BCP (1549); alt. in LBW, ELW
Readings: Acts 1:15-26; Psalm 15; Philippians 3:13-21; John 15:1, 6-16
Hymn of the Day: “O Zion, haste, your mission high fulfilling” (H82 539, LBW 397, ELW 668)
Prayers: For those who give testimony to the resurrection; For a renewed life; For faithfulness to Christ; For those who are passed over in selection processes.
This daily prayer and Bible reading guide, Devoted to Prayer (based on Acts 2:42), was conceived and prepared by the Rev. Andrew S. Ames Fuller, director of communications for the North American Lutheran Church (NALC).
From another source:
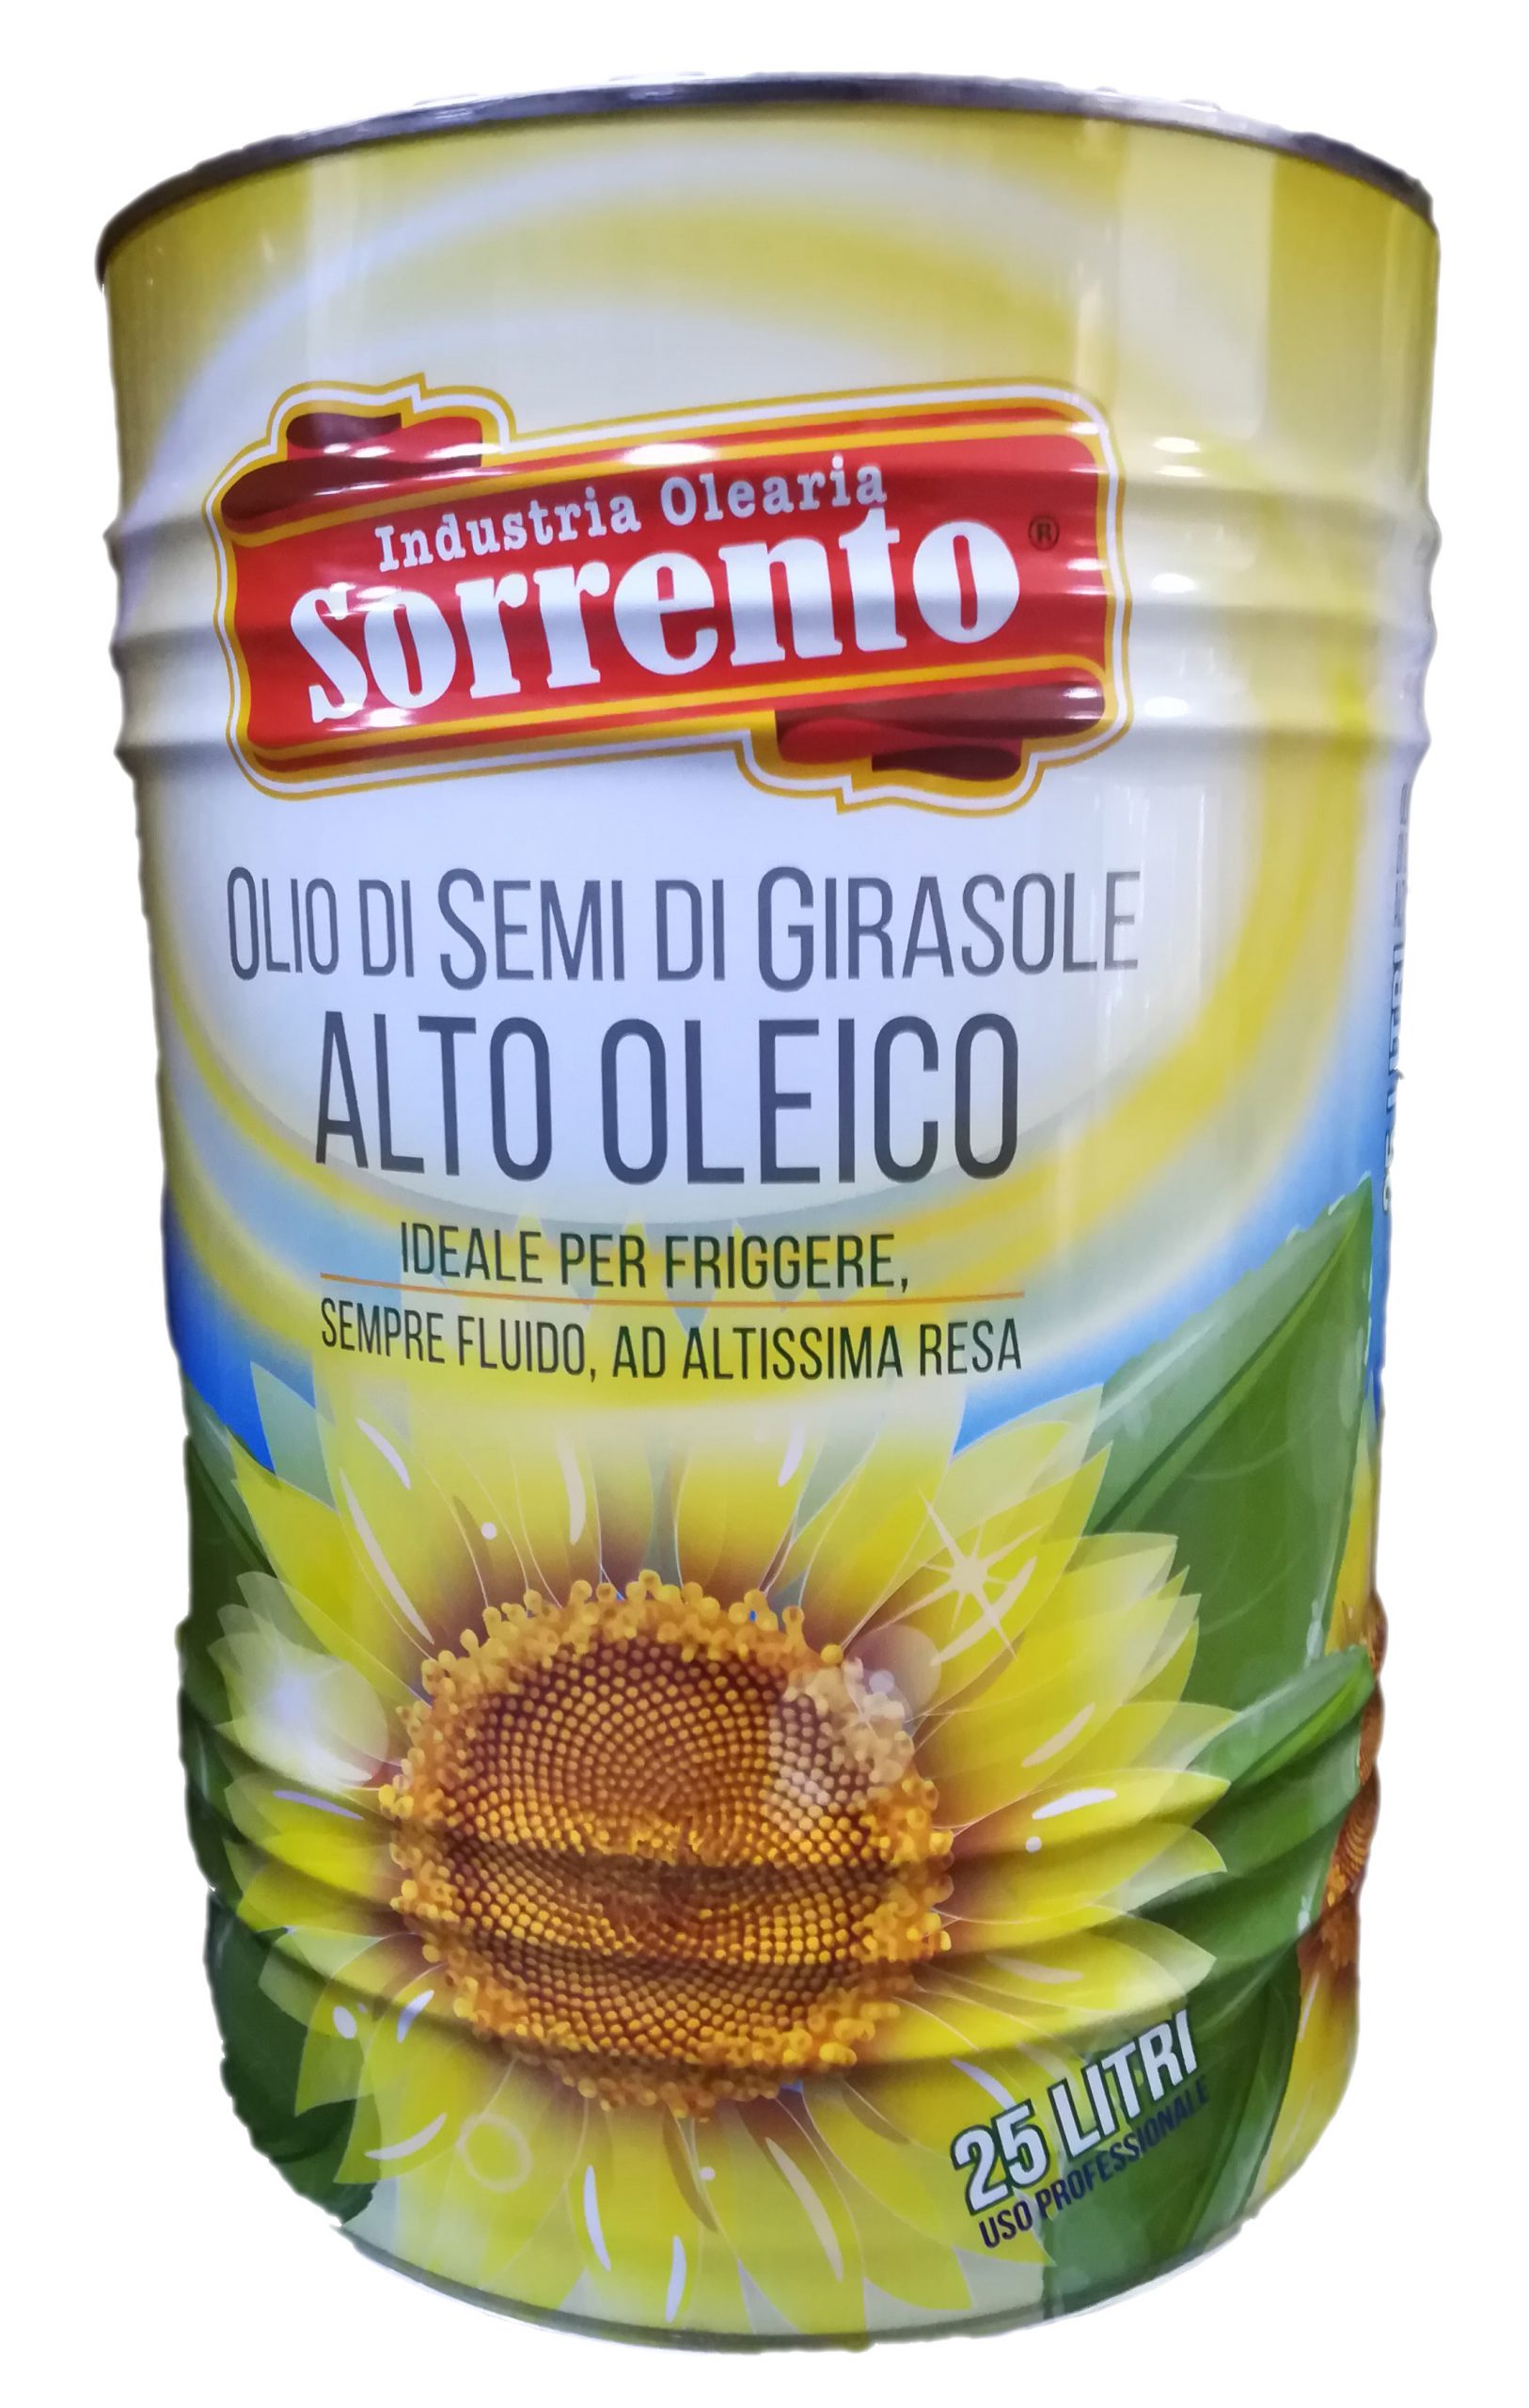 SORRENTO-Prodotti-2-LUNGA CONSERVAZIONE-Olio e Aceto-OLIO ALTO OLEICO LT 25 SORRENTO-0

After a challenging year in the midst of the COVID-19 pandemic, we have been provided with a unique opportunity to revitalize the ancient practice of daily prayer and Scripture reading in our homes. While the Reading the Word of God three-year lectionary provided a much-needed and refreshing calendar for our congregations to engage in Scripture reading, this calendar includes a missing component of daily devotion: prayer. This guide is to provide the average layperson and pastor with the simple tools for sorting through the busyness of their lives and reclaiming an act of daily discipleship with their Lord. The daily readings follow the Lutheran Book of Worship two-year daily lectionary, which reflect the church calendar closely. The commemorations are adapted from Philip H. Pfatteicher’s New Book of Festivals and Commemorations, a proposed common calendar of the saints that builds from the Lutheran Book of Worship, but includes saints from many of those churches in ecumenical conversation with the NALC. The introductory portion is adapted from Christ Church (Plano)’s Pray Daily. Our hope is that this calendar and guide will provide new life for congregations learning and re-learning to pray in the midst of a difficult and changing world.